■ YOUR INSTRUCTIONS: Take the data below and copy exactly the lines starting at the one with "Giamaica le spiagge, Winneifred Beach" and finishing at the one with "Pro Celebrity Men's", both included.

■ GIVEN RECORDS:
------------------------------------------------------------------------
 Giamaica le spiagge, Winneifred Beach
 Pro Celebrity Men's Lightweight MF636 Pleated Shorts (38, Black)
------------------------------------------------------------------------
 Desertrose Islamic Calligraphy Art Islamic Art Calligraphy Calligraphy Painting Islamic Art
------------------------------------------------------------------------
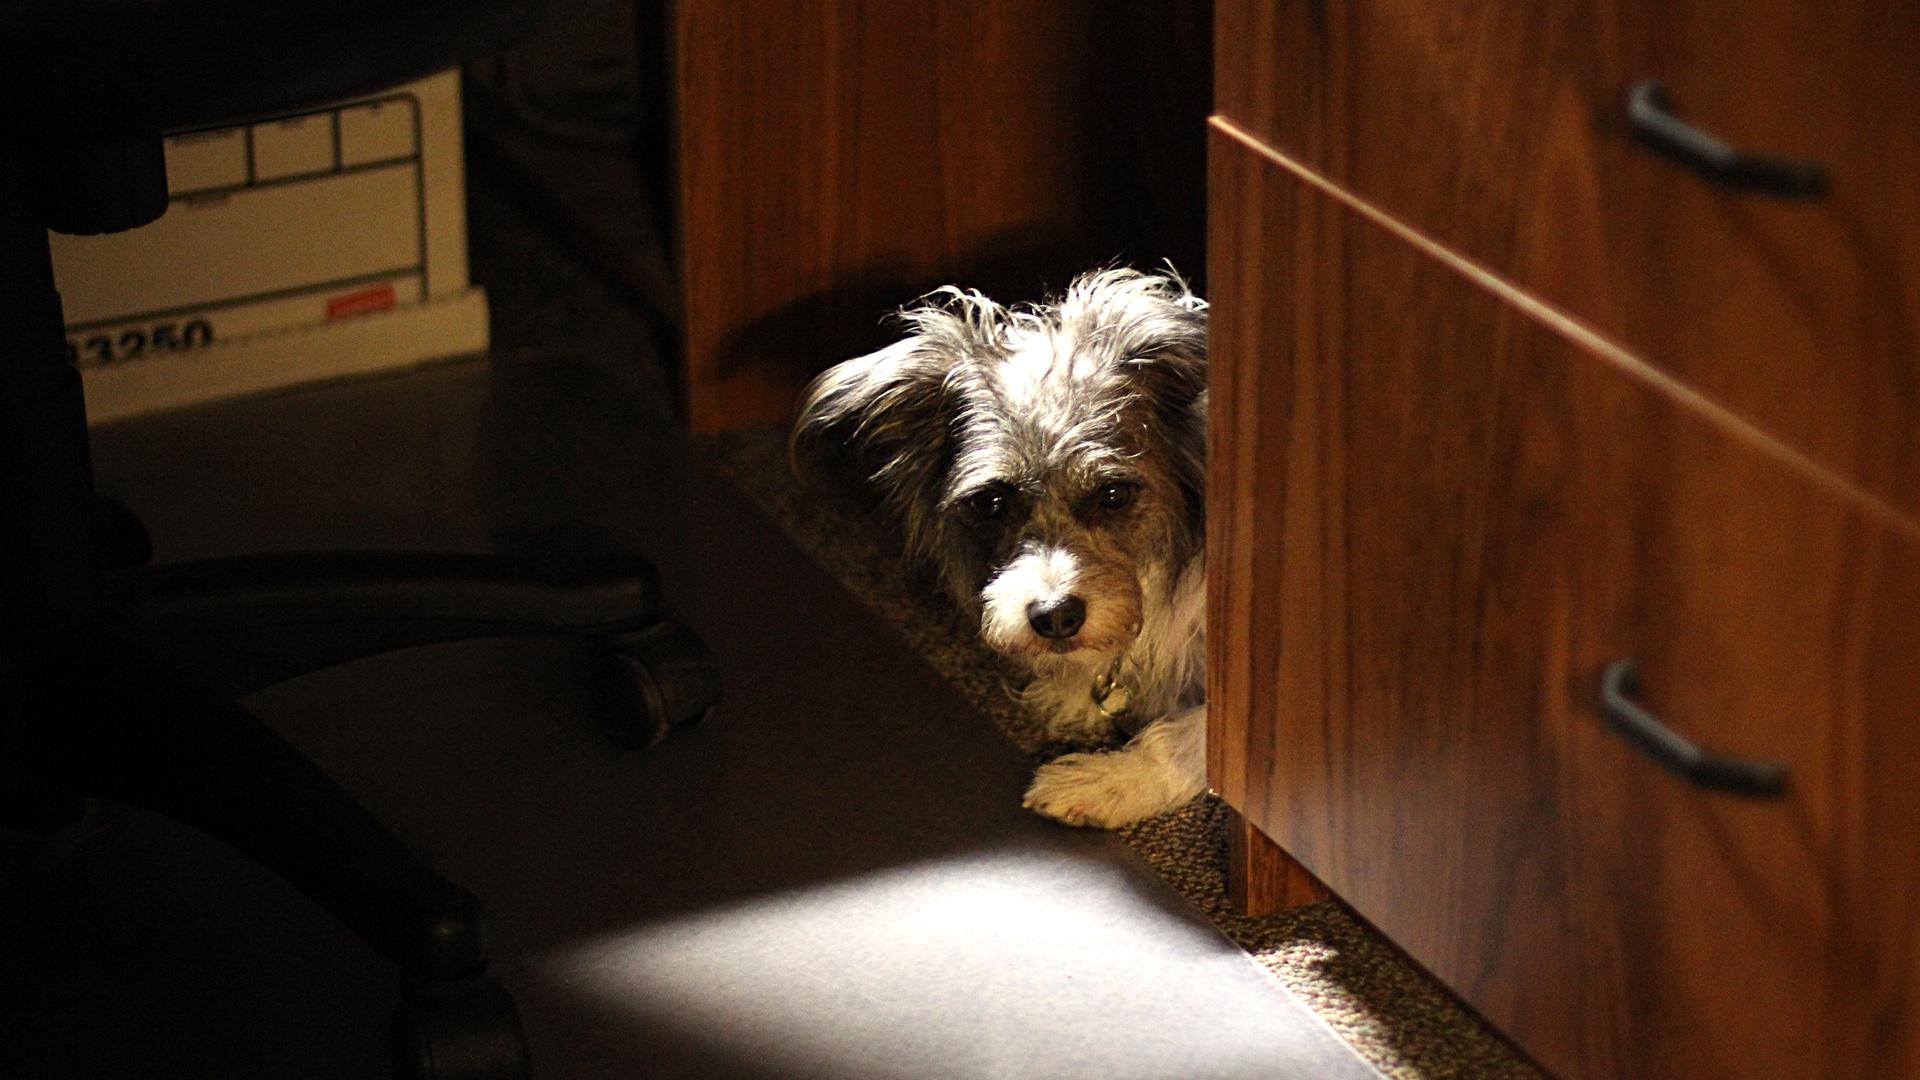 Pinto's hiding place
------------------------------------------------------------------------
■ TASK SOLUTION:
 Giamaica le spiagge, Winneifred Beach
 Pro Celebrity Men's Lightweight MF636 Pleated Shorts (38, Black)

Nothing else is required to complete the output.